Decoding Latent Spaces: Assessing the Interpretability of Time Series Foundation Models for Visual Analytics
This work addresses the challenge of interpreting latent spaces in time series foundation models for researchers and practitioners in visual analytics, though it is incremental as it highlights limitations and suggests future improvements.
The study assessed the interpretability of latent spaces in time series foundation models like MOMENT for visual analytics, finding that fine-tuning improved performance with loss reduction but did not significantly enhance embedding interpretability, requiring further methodological refinements.

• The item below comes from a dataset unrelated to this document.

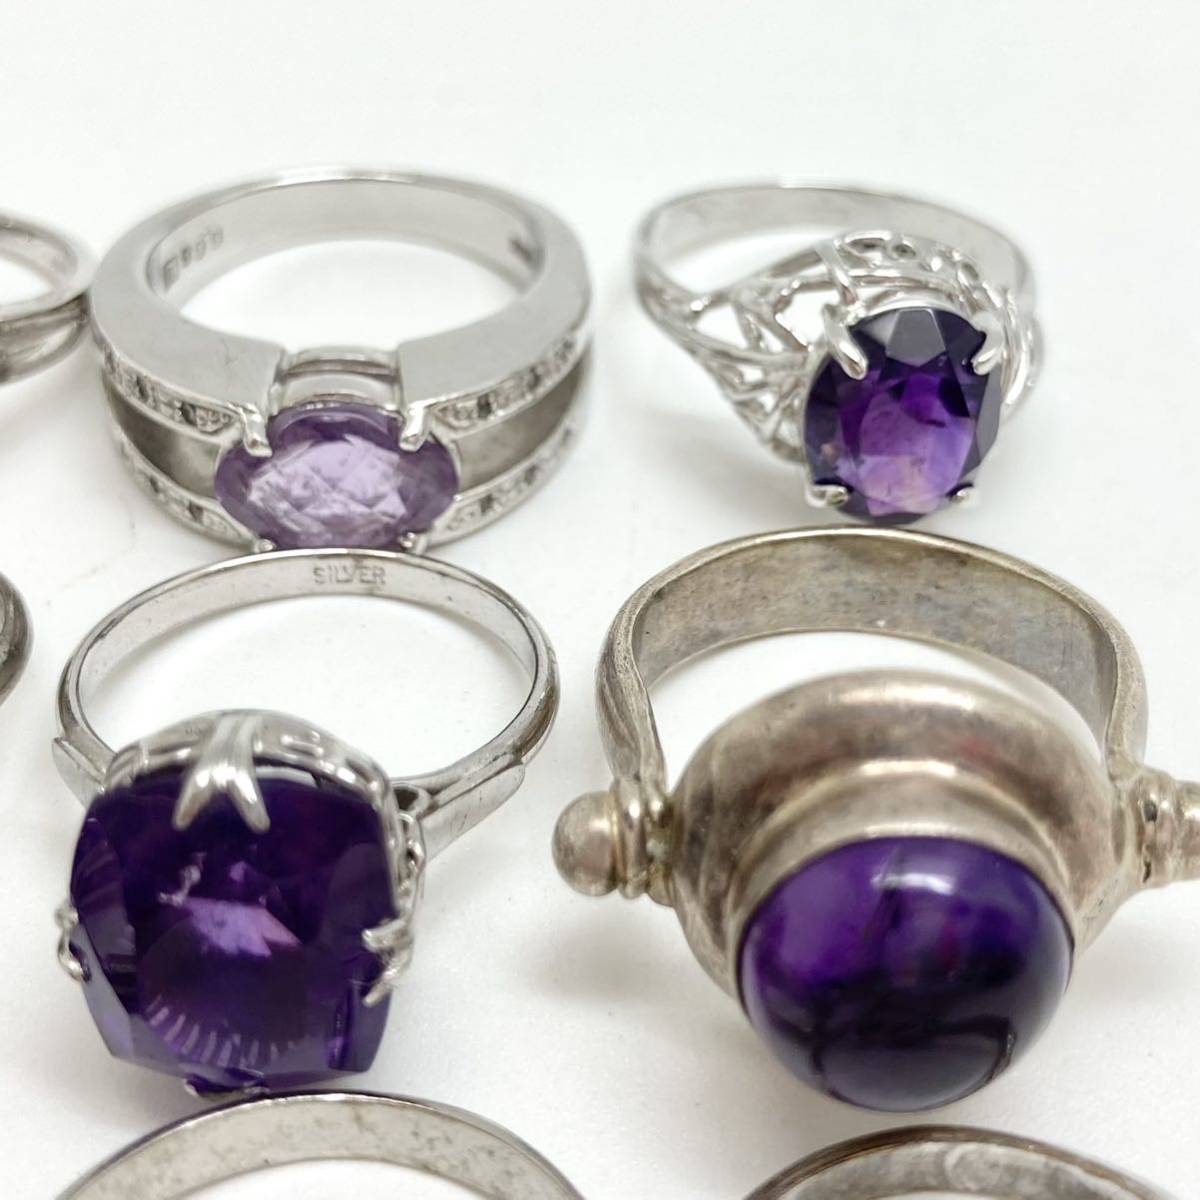 ダイヤ付き「アメジストおリングまとめ」 m 重量約46g アメジスト 紫水晶 amethyst 指輪 リング ring accessory silver 925 CE0_画像4

The present study explores the interpretability of latent spaces produced by time series foundation models, focusing on their potential for visual analysis tasks. Specifically, we evaluate the MOMENT family of models, a set of transformer-based, pre-trained architectures for multivariate time series tasks such as: imputation, prediction, classification, and anomaly detection. We evaluate the capacity of these models on five datasets to capture the underlying structures in time series data within their latent space projection and validate whether fine tuning improves the clarity of the resulting embedding spaces. Notable performance improvements in terms of loss reduction were observed after fine tuning. Visual analysis shows limited improvement in the interpretability of the embeddings, requiring further work. Results suggest that, although Time Series Foundation Models such as MOMENT are robust, their latent spaces may require additional methodological refinements to be adequately interpreted, such as alternative projection techniques, loss functions, or data preprocessing strategies. Despite the limitations of MOMENT, foundation models supose a big reduction in execution time and so a great advance for interactive visual analytics.